Bandpass filtering

Dear Francois

when I use bandpass filtering on my data, I can see that there is difference between the appearance of my filtered data and the data which is using the filter option on the record tab. it seems that the slope of the filter on the record tab is straighter.

am I right ? when I compute PSD for filtered data, still I can see frequencies lower than my high pass filter. shall I use a higher low cut for a better filtration?

Best
Shadi

Hi Shadi,

We are using the exact same filter for the online filters (visualization of the recordings) and the process “Pre-process > Band-pass filter”.
You can check this by placing a breakpoint at line 125 in file process_bandpass.m.

The difference is the time window that is used: in the offline filter, all the signal is filtered (and mirrored) at once, while in the online filter only the loaded window is filtered.

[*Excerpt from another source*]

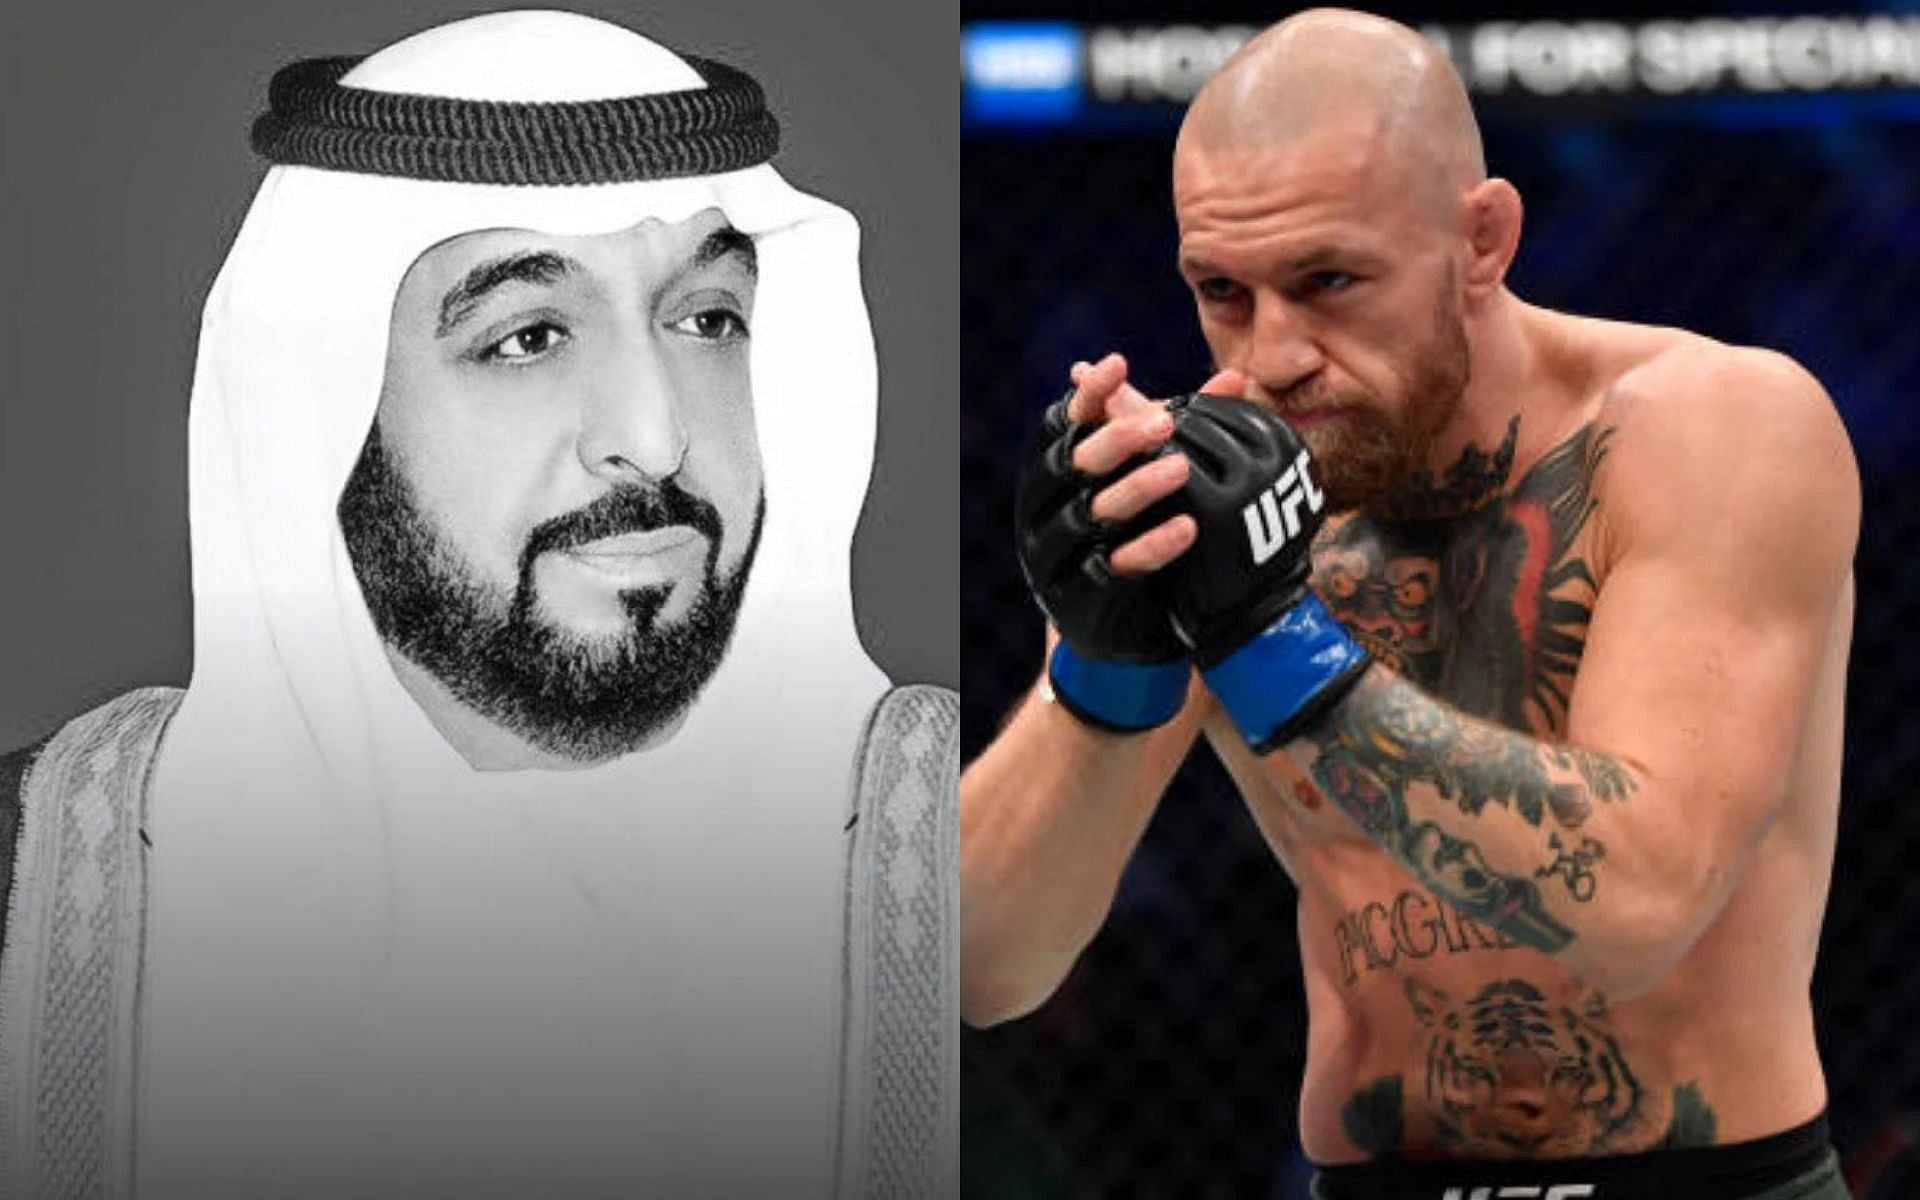 Sheikh Khalifa bin Zayed Al Nahyan (left) and Conor McGregor (right) [Left image courtesy @khaleejtimes via Twitter]

This fast approach introduces important edge effects.

In the configuration of the band-pass filters, the cutoff frequency indicates at which frequency the filter starts to attenuate the signal. To avoid disruptions in time domain, we have to use a smooth transition before the frequencies that are completely removed (stop-band). See for instance this illustration:
http://beausievers.com/synth/synthbasics/#lowpasshighpass

Cheers,
Francois
(low-pass and high-pass are similar)

hello Francois

may I ask you the slope of bandpass filter you have used?
I have filtered my data in ASALab software with the slope of 24. (0.1 to 70 hz). when I open my data in brainstorm and use the view filter in this frequency range, frequency, I have less low frequency noises. is this related to the slope of two filters?
and what shall I do to decrease these noises? re filter by brainstorm at this range of frequencies?

wishes
Shadi

Hi Shadi,

I’m not sure what a slope of 24 means, there are many ways to define a frequency filter. If you filter your signals with the same parameters in different programs, you will never get the same results.
The bandpass filtering in Brainstorm is done in frequency domain (FFT-based), it is not the cleanest way of proceeding but it is very fast. You can find more information about the implementation directly in the code: brainstorm3/toolbox/math/bst_bandpass_fft.m

There are a few other filters implemented, but they all have issues (too slow, too memory-consuming, not clean enough in frequency domain). If you’re interested in testing and refining them, you can use the filter test bench I wrote a while ago: brainstorm3/toolbox/script/test_bandpass.m

I recommend you select the most practical approach for you: if you’re satisfied with the filtering in ASA, keep your recordings this way. If you prefer the filters in Brainstorm, do not filter them in ASA.
To evaluate correctly the result of the filtering, use the process “Frequency > Power spectrum density” as illustrated in the tutorials:
http://neuroimage.usc.edu/brainstorm/Tutorials/ArtifactsFilter

Note the visualization filters you are referring to are not the proper way of filtering your signals (see the WARNING). You should use the process “Pre-process > Band-pass filter”. For filtering below 0.1 Hz you need at least 10s of recordings before the filter starts to work correctly. So this makes sense only to apply this on your continuous recordings.